Dessin : Guillaume Singelin
Année : 2014
Synopsis :
Previously in The Grocery : Profitant de l’absence du père d’Elliott qui est toujours injustement incarcéré pour l’agression supposée du Rabbin, la bande d’Ellis One a définitivement installé son Quartier Général dans l’épicerie, et à partir de ce lieu stratégique, elle poursuit son trafic de drogue en toute impunité autour du Corner 16.
De leur côté, pour venger le massacre qui a fait 27 victimes dans leurs rangs, les chefs de la Mara 16 – la bande rivale – ont décidé de faire appel au sanguinaire et mystérieux Y Gang pour venger leur honneur dans le sang.
Ainsi, après avoir fait exploser les ateliers de raffinage de leurs ennemis, le Y Gang a retourné à Ellis One et à ses associés néo-nazis l’ensemble de leurs livreurs-dealers en pièces détachées. Désormais, c’est aux chefs que le Y Gang a décidé de s’attaquer et c’est un camion rempli d’explosifs qui est lancé à pleine vitesse en direction de la Grocery.
Dans cet univers apocalyptique, le candide Elliott est toujours à la recherche de son pote Sixteen sans savoir que celui-ci s’est lié d’amitié avec une Mara 16, avec laquelle il partage le dessein de se venger d’Ellis One.
Welcome back to the Grocery’s corner and enjoy the following…
Avis :
Prenez un shaker, introduisez-y un scénariste de talent (Championzé, Clichés de Bosnie, Young, entre autres) et un dessinateur inventif, secouez bien le tout et vous obtiendrez The Grocery, série décapante publiée sous le Label 619 chez Ankama.
Autant le préciser d’emblée, The Grocery est une série à ne pas mettre entre les mains de nos chères têtes blondes (ou brunes, ou rasées, au choix) dans laquelle les auteurs nous entrainent avec un plaisir non-dissimulé, et communicatif, à Baltimore, dans les quartiers défavorisés, sur le terrain d’affrontement de deux bandes rivales qui règlent leurs comptes à coups de kalachnikovs sans se préoccuper des dégâts collatéraux éventuels.
Ca mitraille en rafale, ça décapite, ça grille au chalumeau et ça se refait la boutonnière à coups de machettes comme on va au supermarché.

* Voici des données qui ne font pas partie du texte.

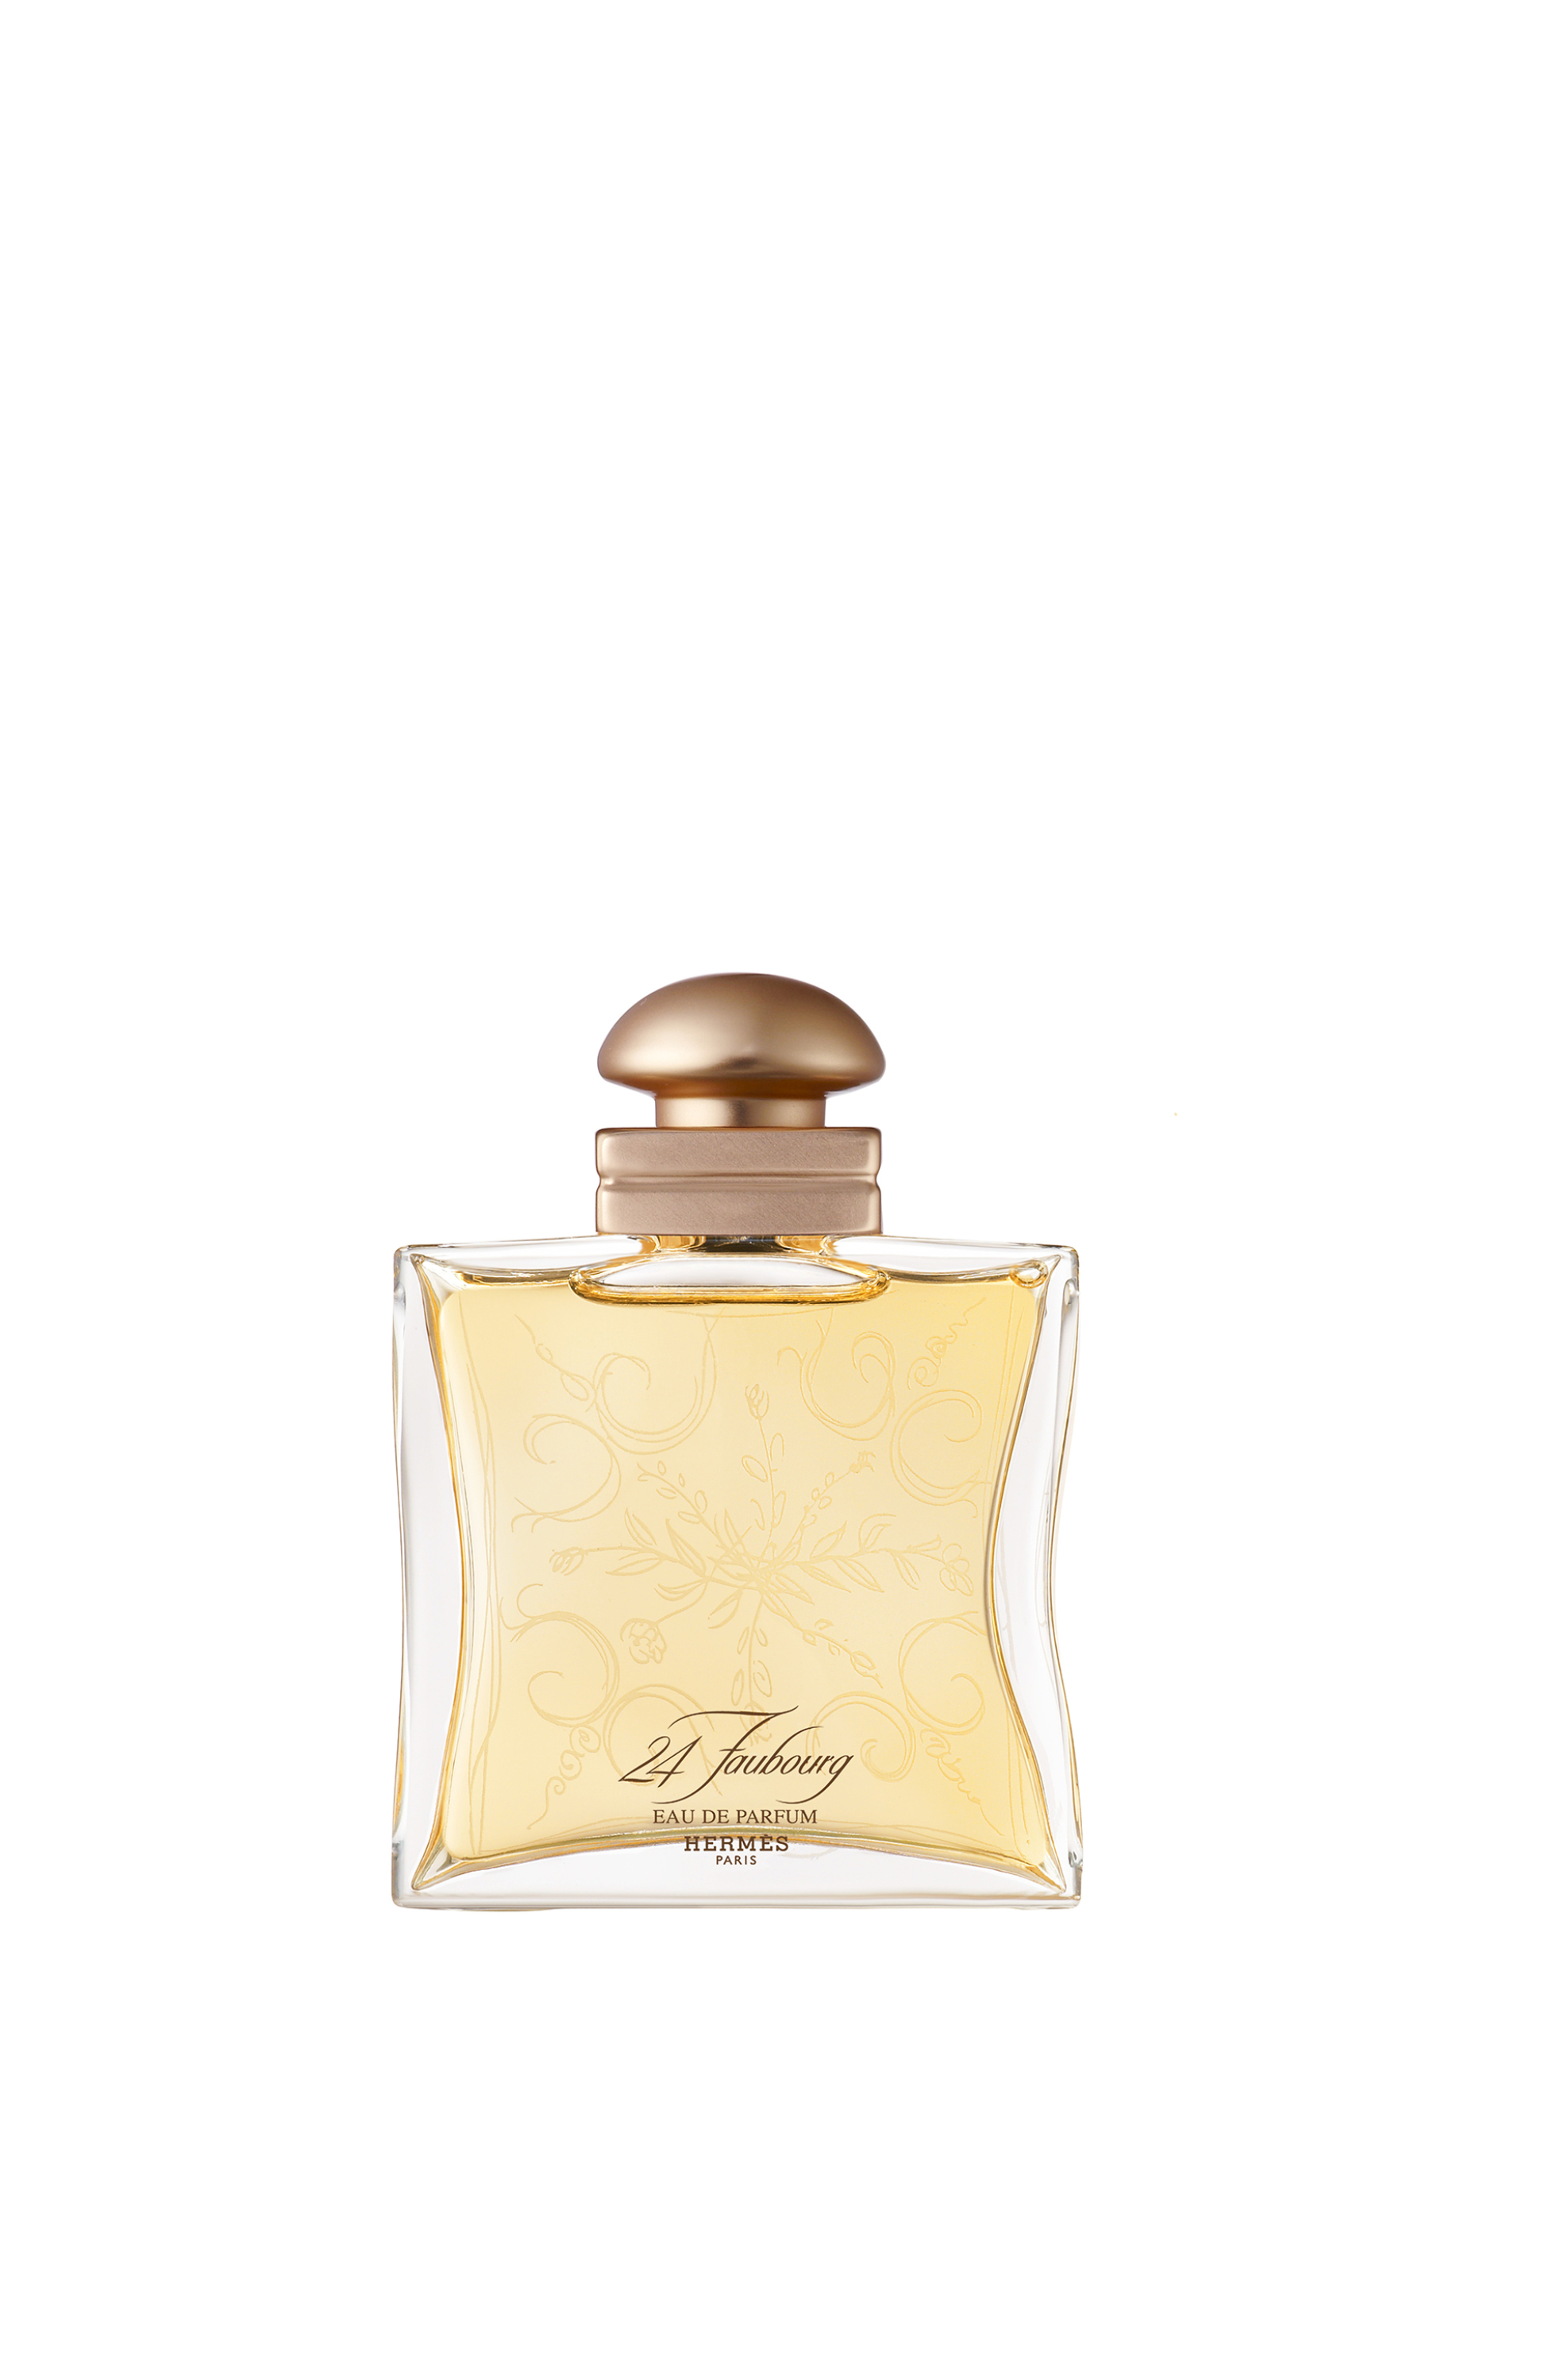 Hermès 24 Faubourg Eau de Parfum - 107375V0
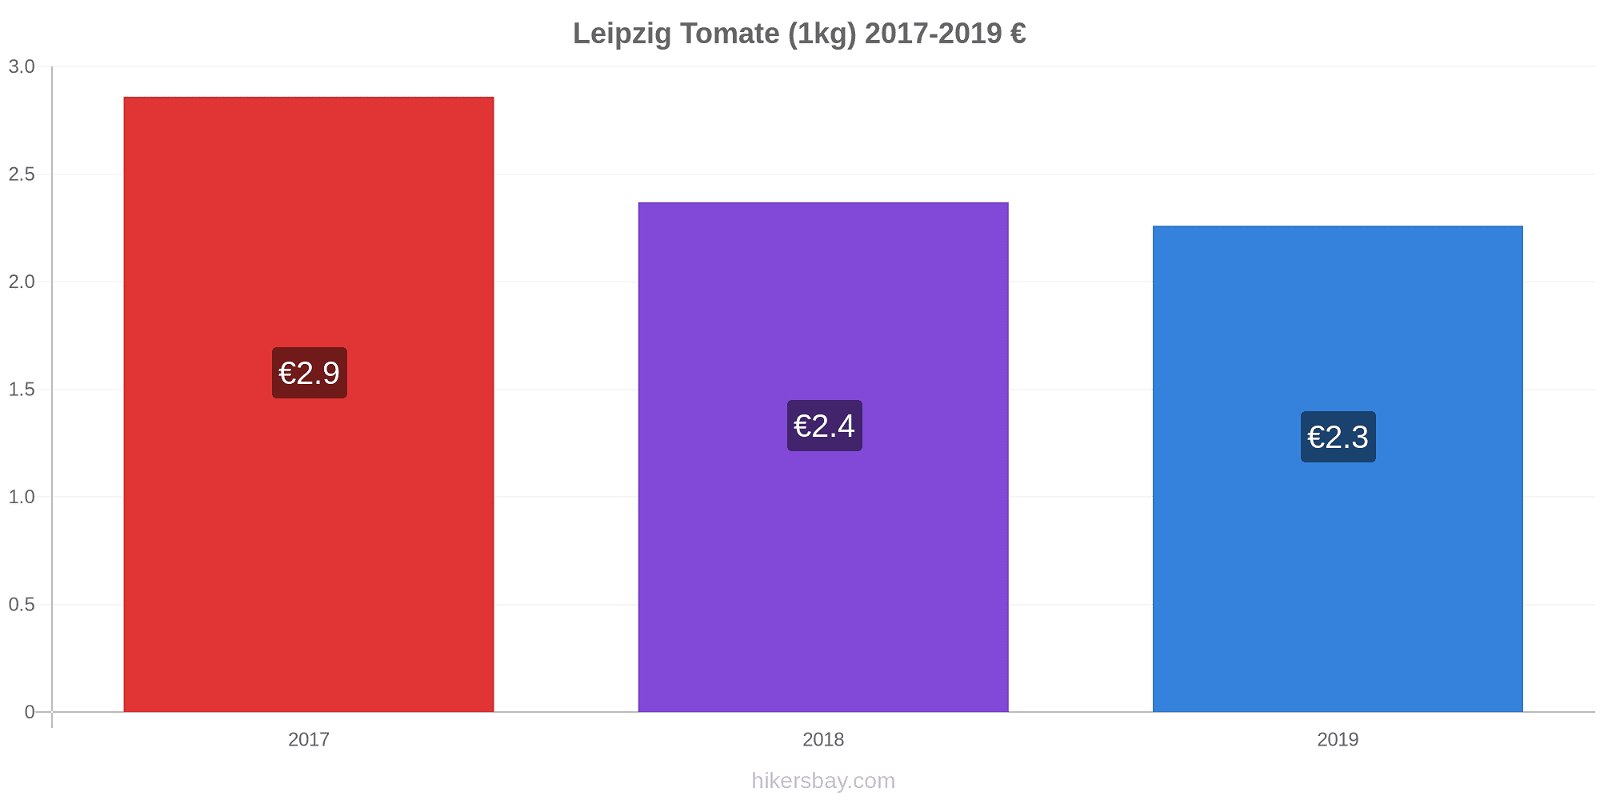 Leipzig cambios de precios Tomate (1kg) hikersbay.com

Alors pourquoi s’intéresser à cette série qui ressemble de prime abord à une histoire de malfrats agrémentée de scènes apocalyptiques me direz-vous ? Parce que c’est drôle, c’est provocant, c’est intelligent. Au-delà de l’intrigue sur fond de guerre des gangs, les deux auteurs portent un regard incisif sur la société nord-américaine d’aujourd’hui. La place des média, la force du communautarisme, la crise économique provoquée et alimentée par les établissements bancaires, le recours aux organismes privés pour assurer les missions de sécurité publiques sont autant de thèmes qui enrichissent le scénario et donnent de la profondeur à cette histoire. Sur le modèle des séries télé US réussies de cette dernière décennie, au-delà du premier niveau de lecture, perce une réflexion intéressante sur l’évolution de cette société américaine dont les piliers sont ébranlés par les pertes de ses repères.
Deux destins se croisent : tout d’abord celui d’Elliott, un jeune garçon un peu candide, qui a récemment emménagé dans le Corner 16 – son père ayant repris une épicerie de quartier – et qui tente de s’intégrer dans ce nouvel univers dans lequel les enfants de son âge sont capables de reconnaitre la drogue absorbée par un individu à sa démarche ou à son niveau de sudation. De l’autre, il y a Washington, un vétéran d’Irak, tout juste rapatrié, qui se retrouve SDF suite à la saisie par la banque (la Maddof Brother) de la maison de sa grand-mère, victime de la crise des subprimes, et qui se bat pour lui rendre un toit et un peu de dignité.
Coté illustration, le contraste est saisissant entre ces personnages de prime abord sympathiques avec leurs facies de gentils têtards et le déchainement de violence dont ils sont capables. Mention spéciale au tueur à gage d’Ellis one qui exécute ses victimes en récitant des versets de la Bible. Une fois encore l’ombre du grand Quentin n’est pas loin.
Vous l’aurez compris, j’aime beaucoup cette série surprenante, très bien ficelée, très documentée. On a parfois l’impression que les auteurs partent totalement en live avec ces déchainements soudains de violences gratuites ou de scènes surréalistes (l’attaque du commissariat par la bande de néo-nazis, la révolte des détenues dans la prison des femmes,…) mais le tout reste très maîtrisé, très cohérent. Je vous conseille de découvrir les trois premiers tomes dans l’ordre et je souhaite que cette série vous procure également un bon moment de lecture. Vivement la suite.